El encuentro con los libros y la lectura ocurre en casi todos los escenarios posibles del ser humano. Cada persona tiene sus propios caminos para llegar a ellos. Cada persona obtiene lo que quiere de sus contenidos y lo aprovecha con toda la libertad íntima que le es de su propiedad.

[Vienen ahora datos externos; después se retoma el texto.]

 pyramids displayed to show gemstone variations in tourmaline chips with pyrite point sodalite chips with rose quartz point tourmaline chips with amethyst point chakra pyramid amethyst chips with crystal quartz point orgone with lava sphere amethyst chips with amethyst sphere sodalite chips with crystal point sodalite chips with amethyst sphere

El encuentro con los libros y la lectura ocurre en casi todos los escenarios posibles del ser humano. Cada persona tiene sus propios caminos para llegar a ellos. Cada persona obtiene lo que quiere de sus contenidos y lo aprovecha con toda la libertad íntima que le es de su propiedad. Porque ya lo sabemos, la cosa de leer, no solamente se orienta al placer. Se lee para saber, para informarse, para ver, para ampliar nuestras dudas, entre otras tantas cosas de igual importancia. Víctor Rey abona a estos preceptos -ahora que la confinación estimula el pensamiento- al contarnos su propia versión de los hechos en esta experiencia de suyo siempre sorprendente, el descubrimiento de la lectura, cómo se hizo lector y cuáles, en primera instancia fueron las influencias que lo llevaron a amar los libros.

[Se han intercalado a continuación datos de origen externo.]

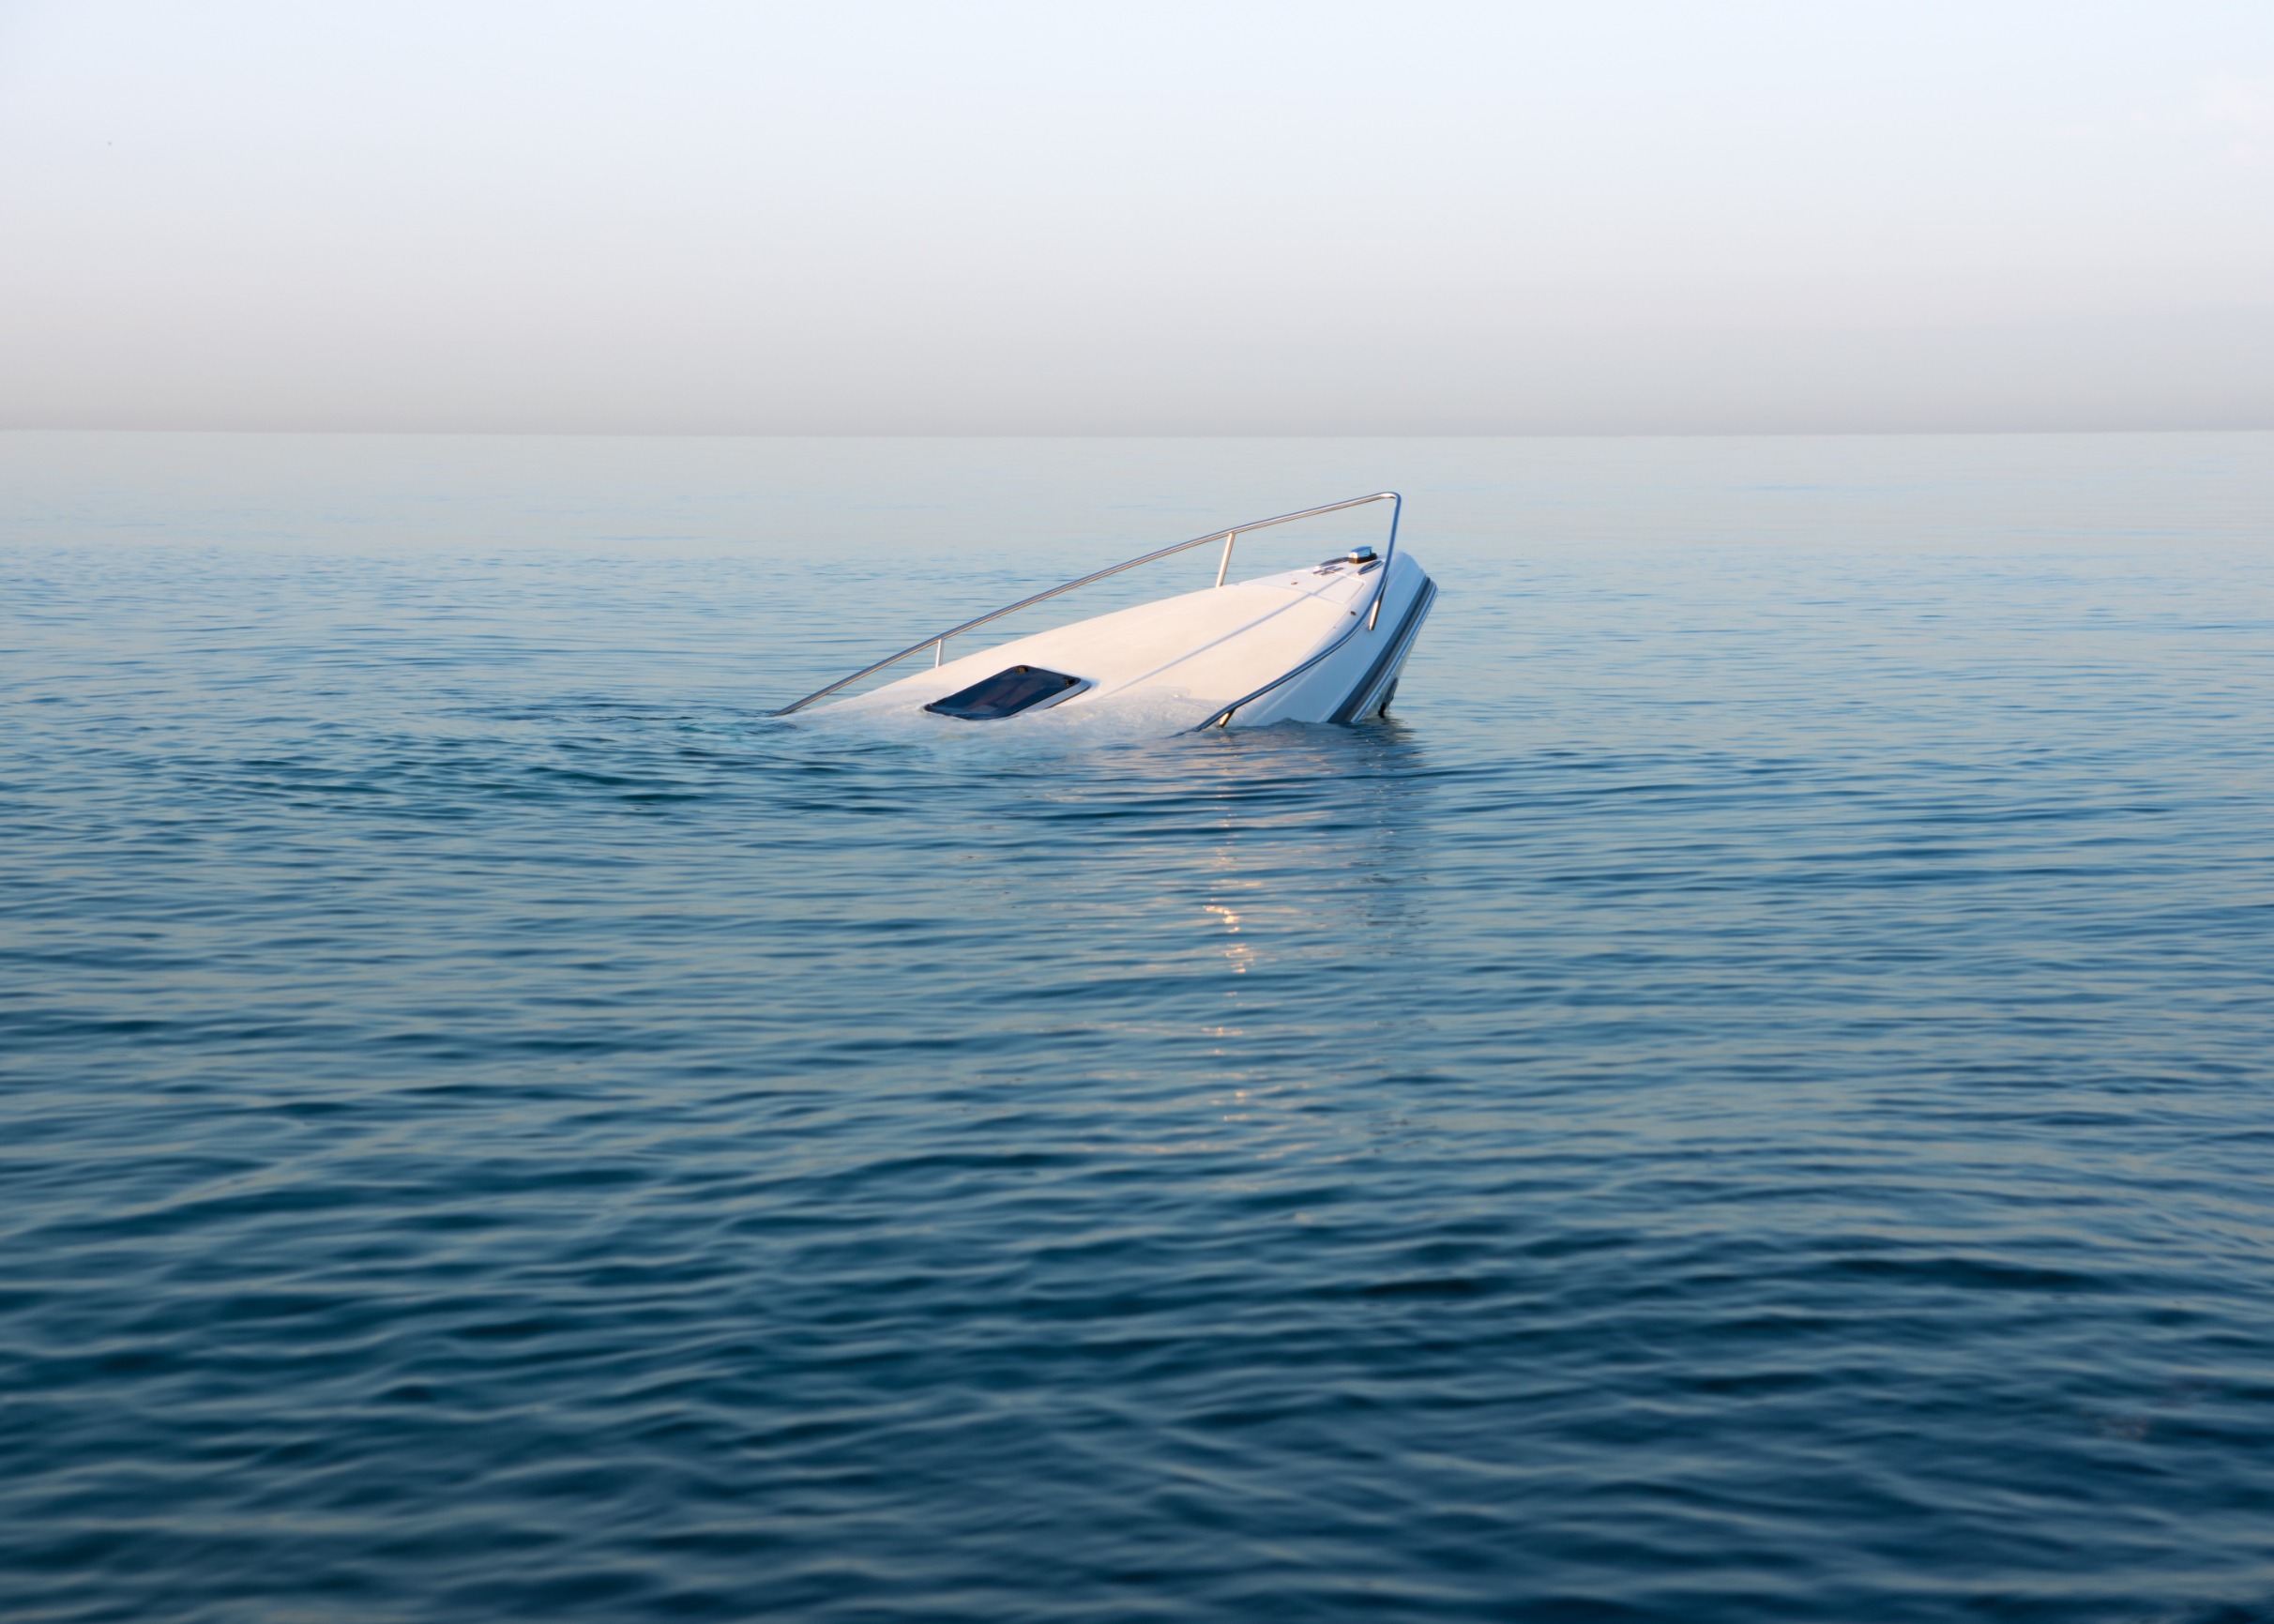 What were the leading causes of 2022 FL boating accidents

Ernesto Cardenal y Victor Rey

Recuerdo con exactitud el primer día de clases cuando a los cinco años mi mamá junto a mi hermano mayor y otros amigos del barrio y sus mamás, nos fuimos caminando por la calle Huérfanos hacia la Escuela Pública N 65, que quedaba a tres cuadras de mi casa cruzando la Plaza
Brasil, en Santiago de Chile. Era mi primer día e ingresaría a kindergarten y mi hermano a primer año.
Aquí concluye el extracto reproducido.